▶ _Problem requirements_: Extract, word for word, each line from the line holding "Lot 214 - Cigarette" through the end of the records. Omit every picture.

▶ _Extracted entries_:

################

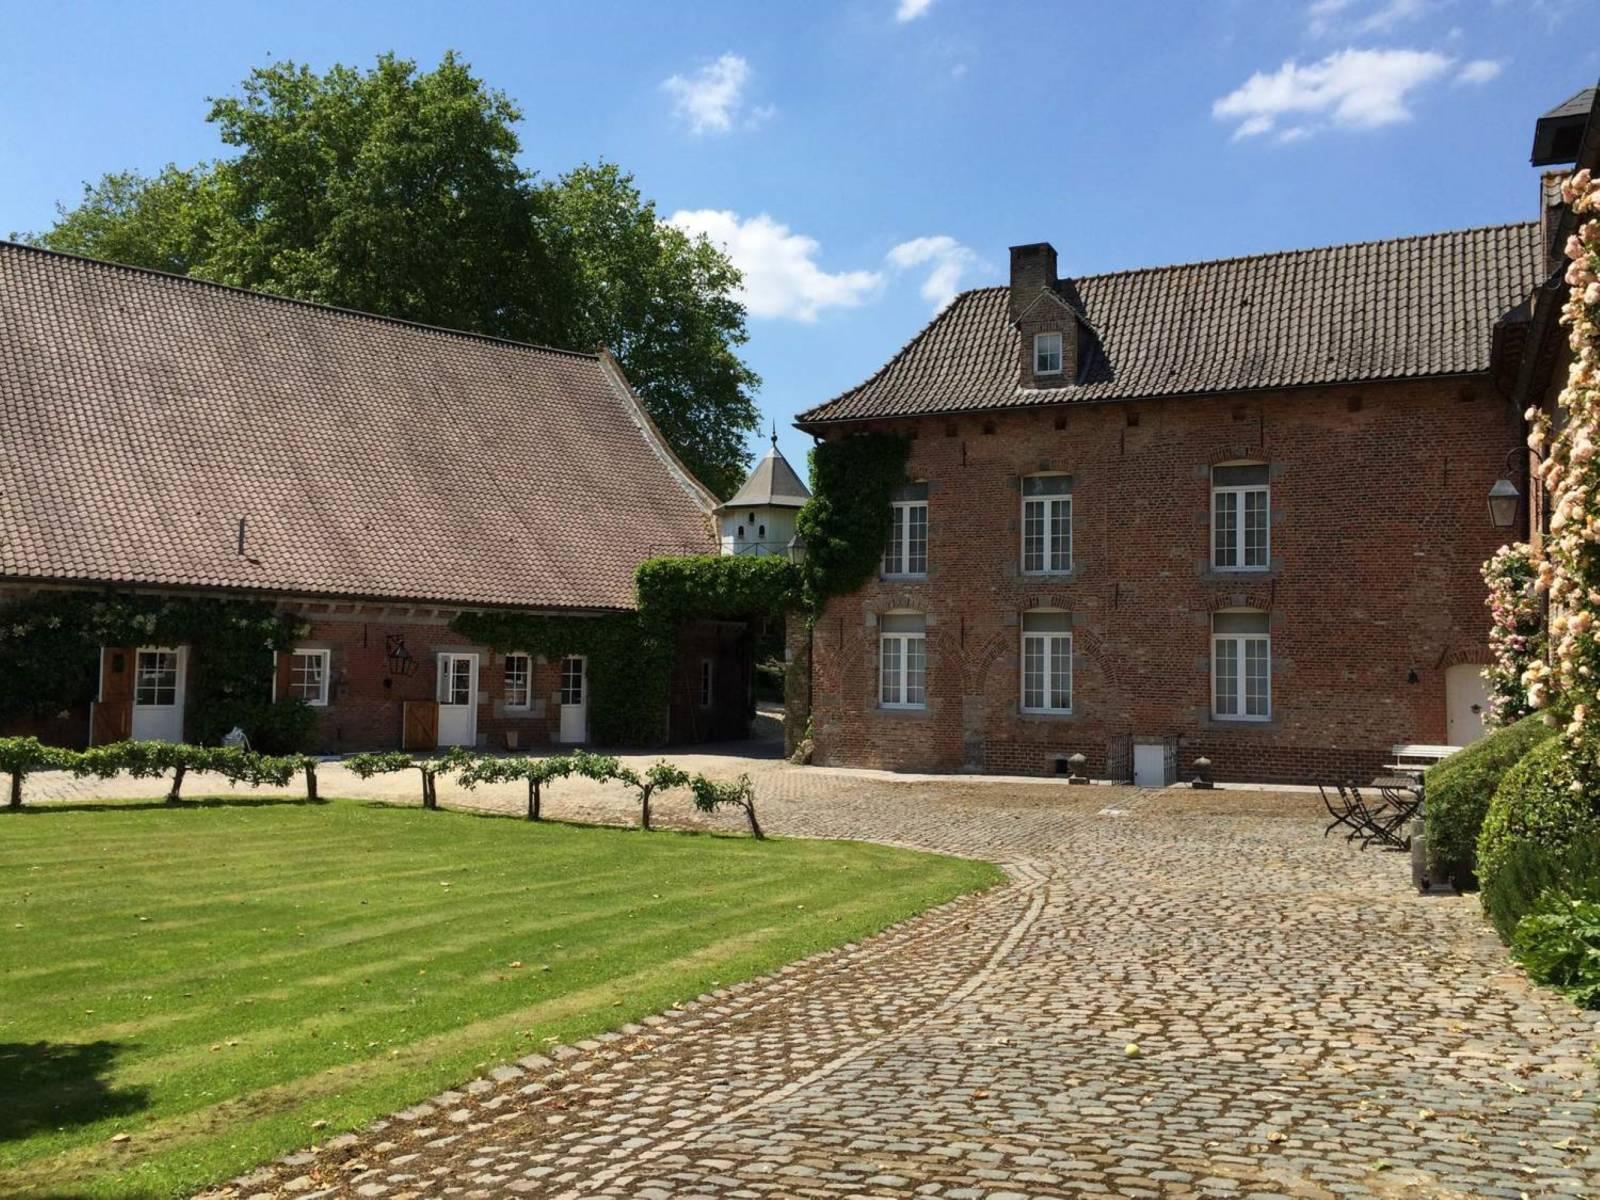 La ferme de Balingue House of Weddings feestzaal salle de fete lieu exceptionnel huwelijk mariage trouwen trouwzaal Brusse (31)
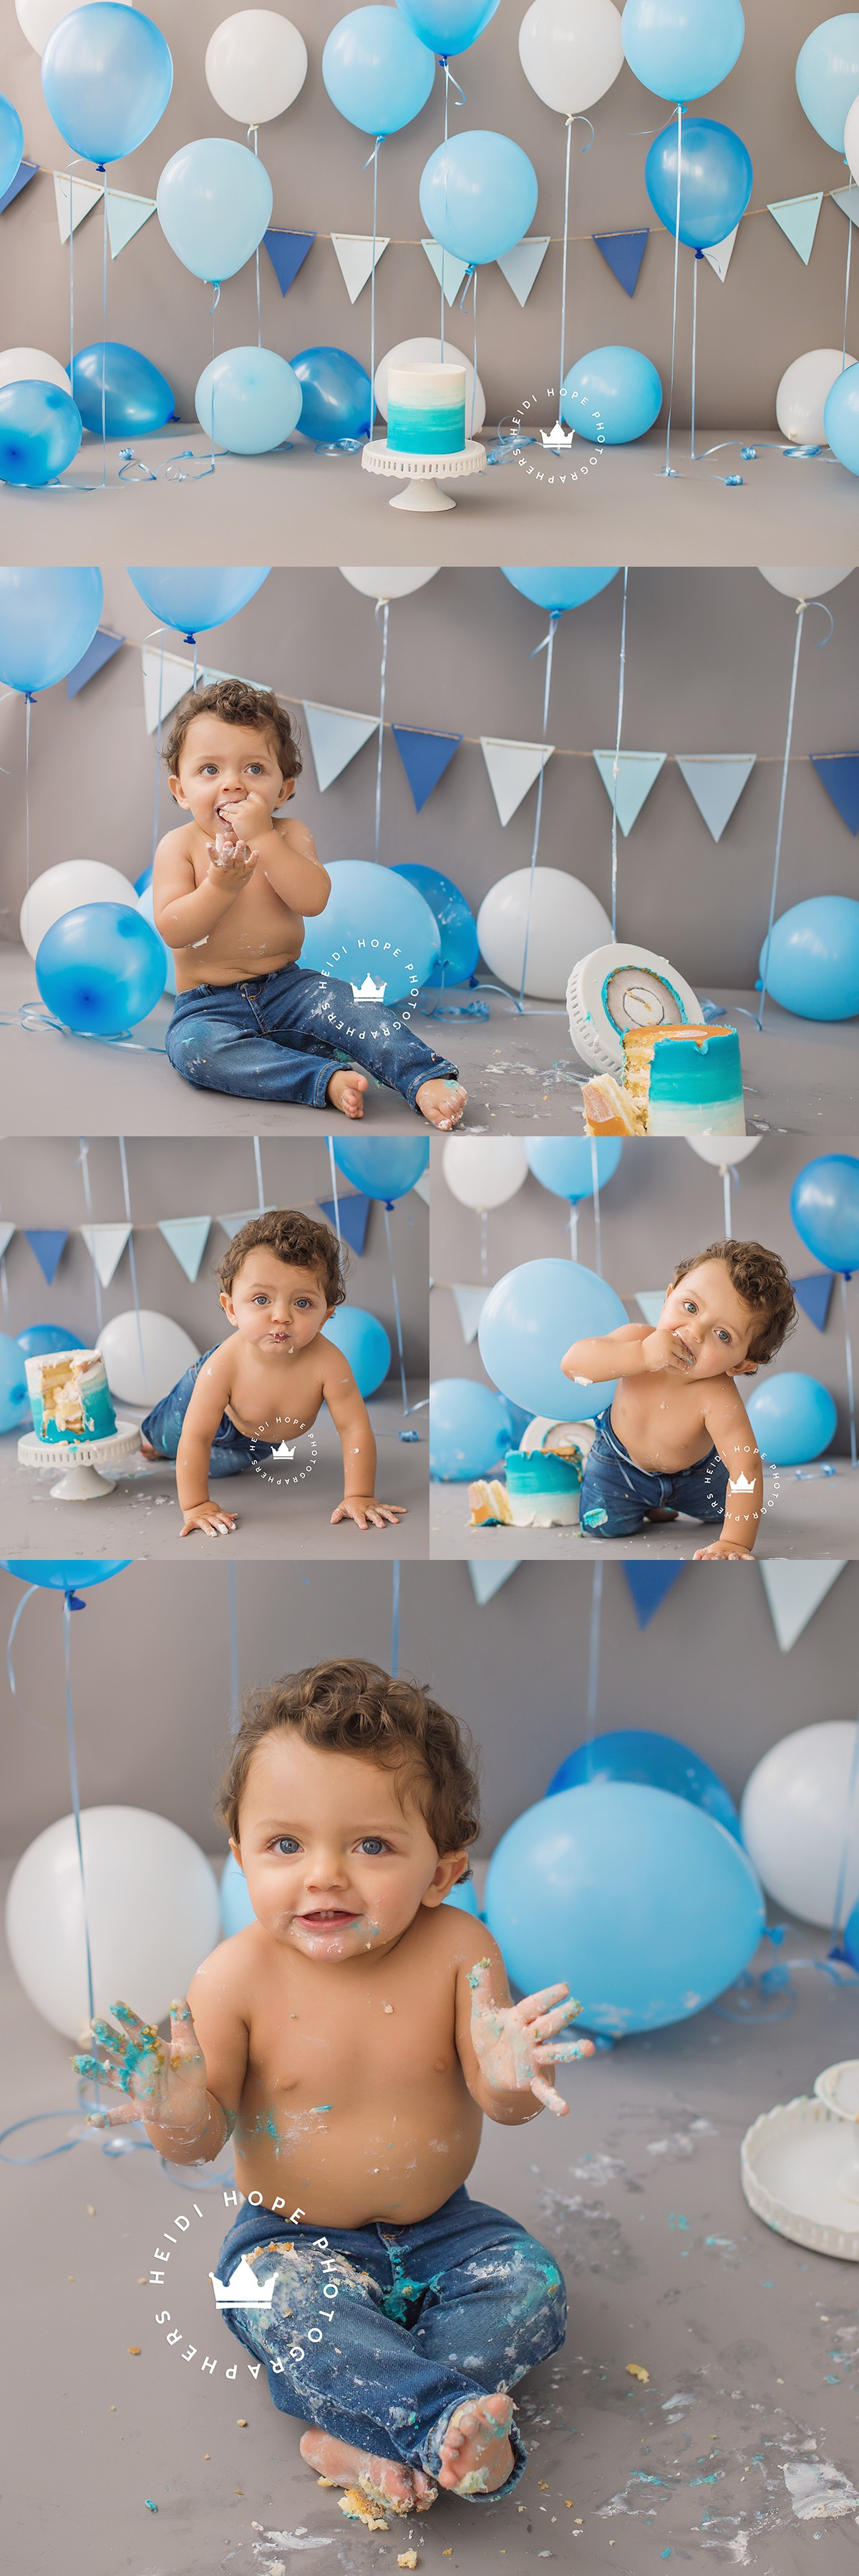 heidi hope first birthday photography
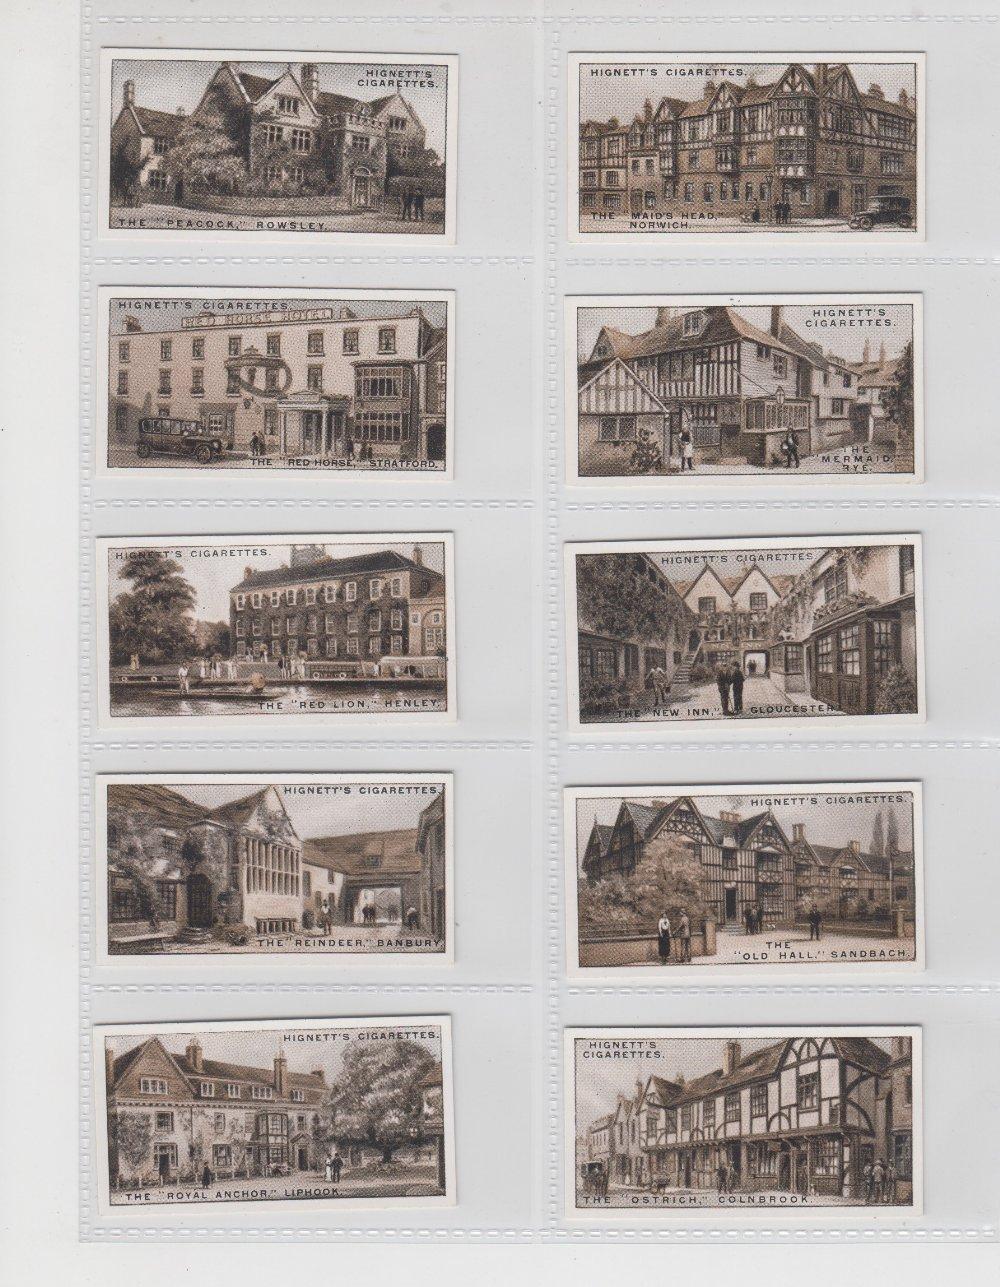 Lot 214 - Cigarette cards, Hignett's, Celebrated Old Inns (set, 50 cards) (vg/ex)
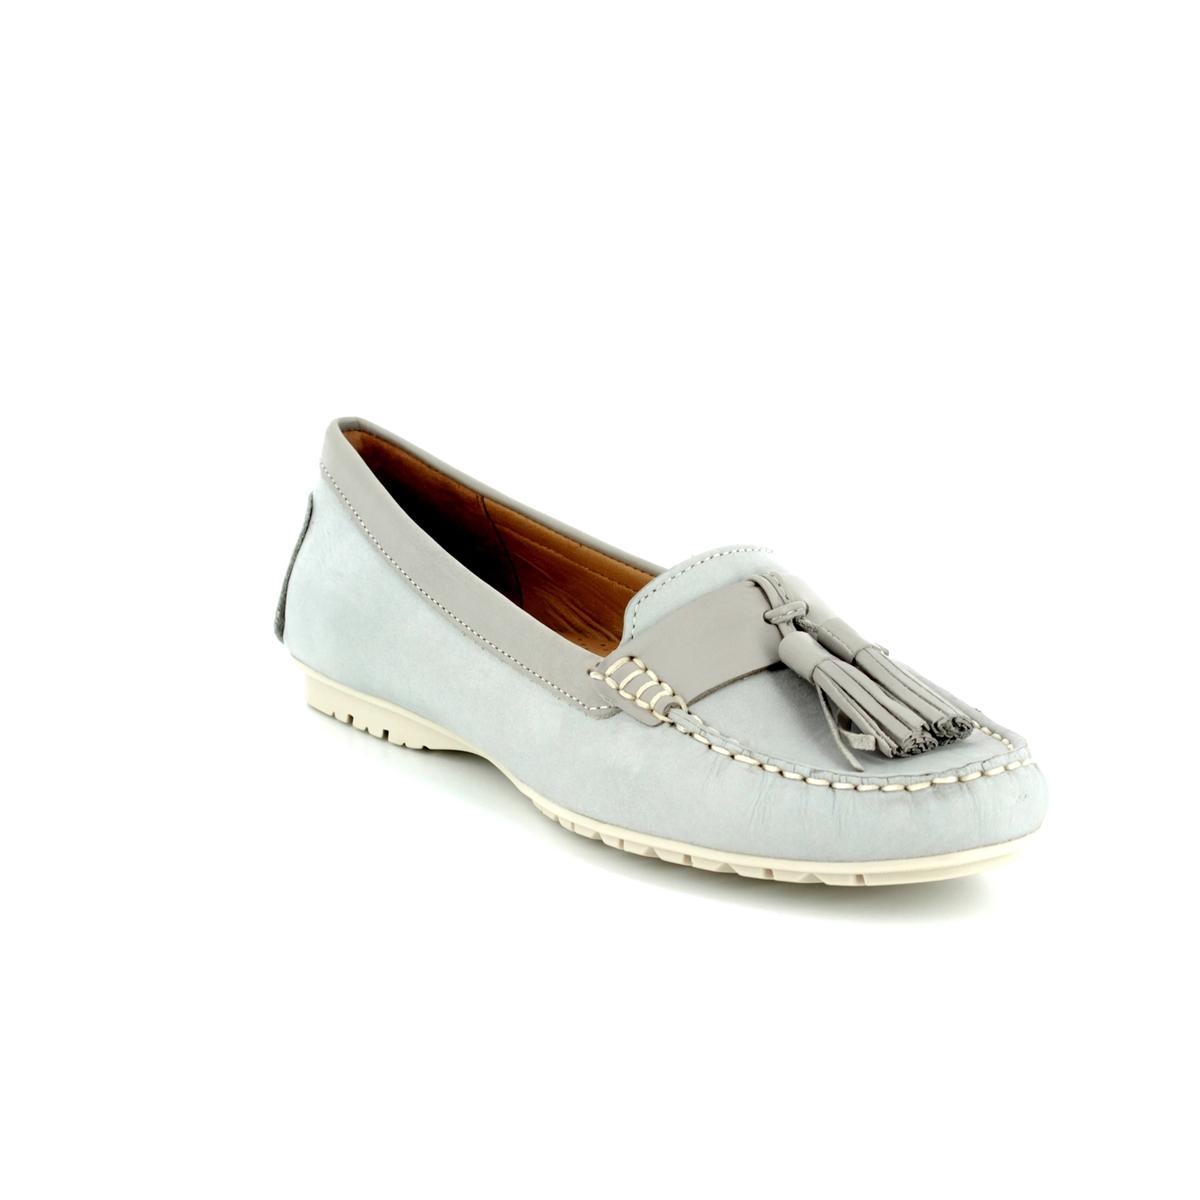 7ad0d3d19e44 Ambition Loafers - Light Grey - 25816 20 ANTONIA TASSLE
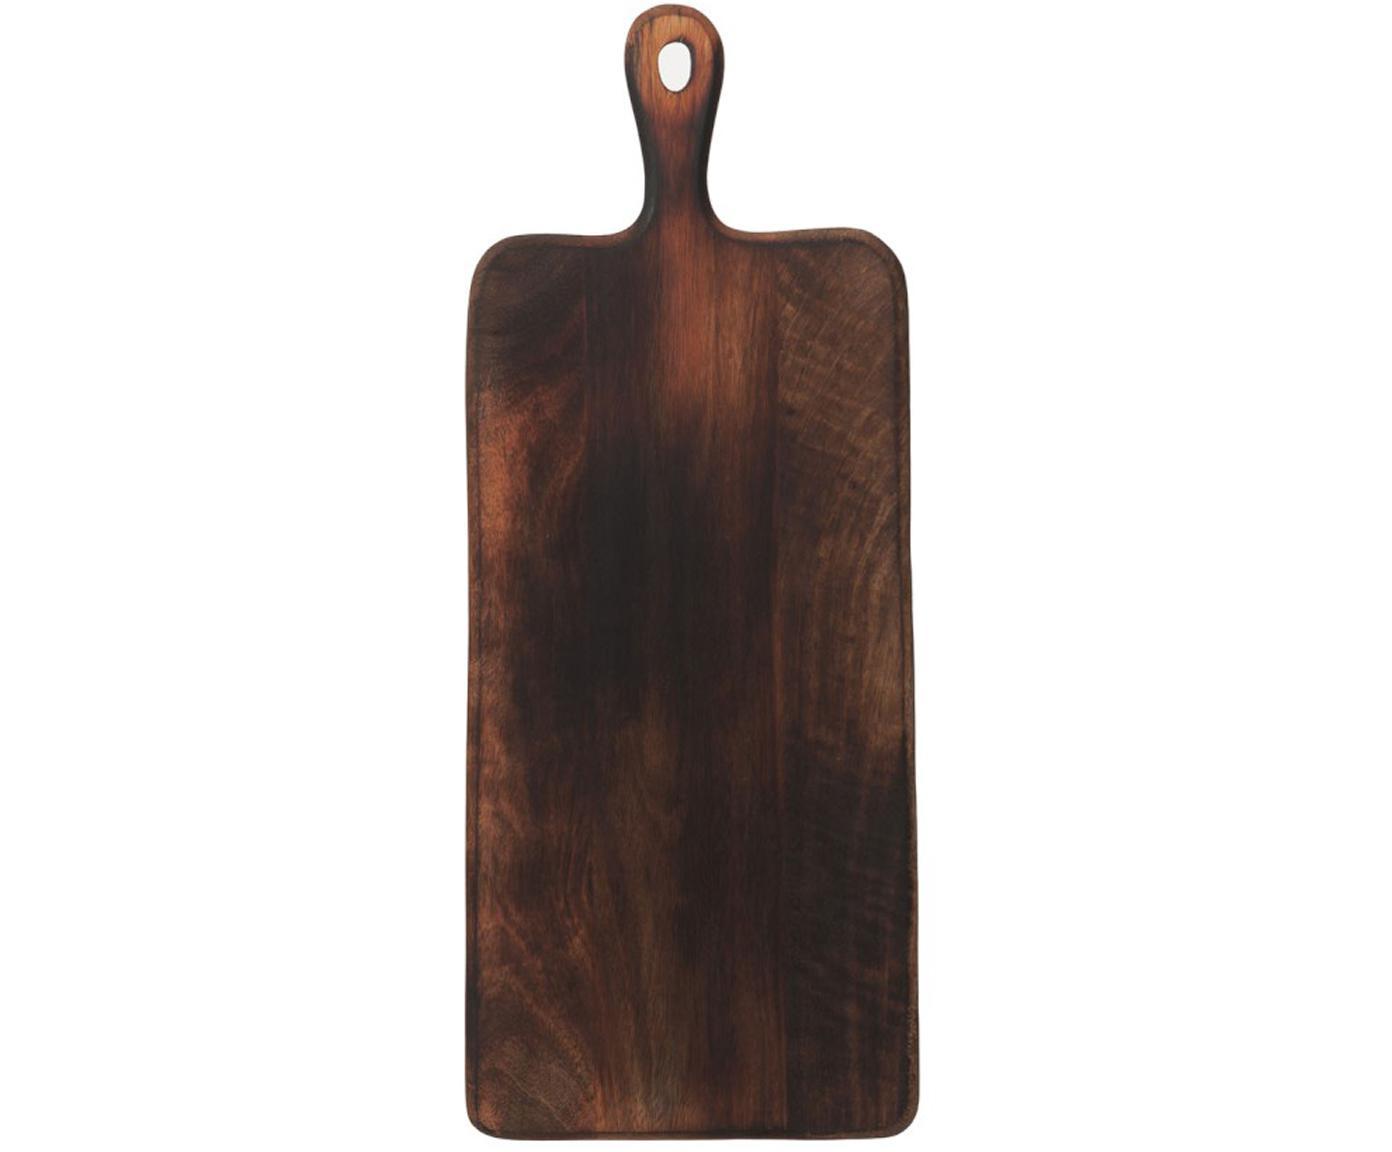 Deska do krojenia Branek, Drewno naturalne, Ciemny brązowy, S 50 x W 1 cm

################

▶ _The completed task_:
 Lot 214 - Cigarette cards, Hignett's, Celebrated Old Inns (set, 50 cards) (vg/ex)
 7ad0d3d19e44 Ambition Loafers - Light Grey - 25816 20 ANTONIA TASSLE
 Deska do krojenia Branek, Drewno naturalne, Ciemny brązowy, S 50 x W 1 cm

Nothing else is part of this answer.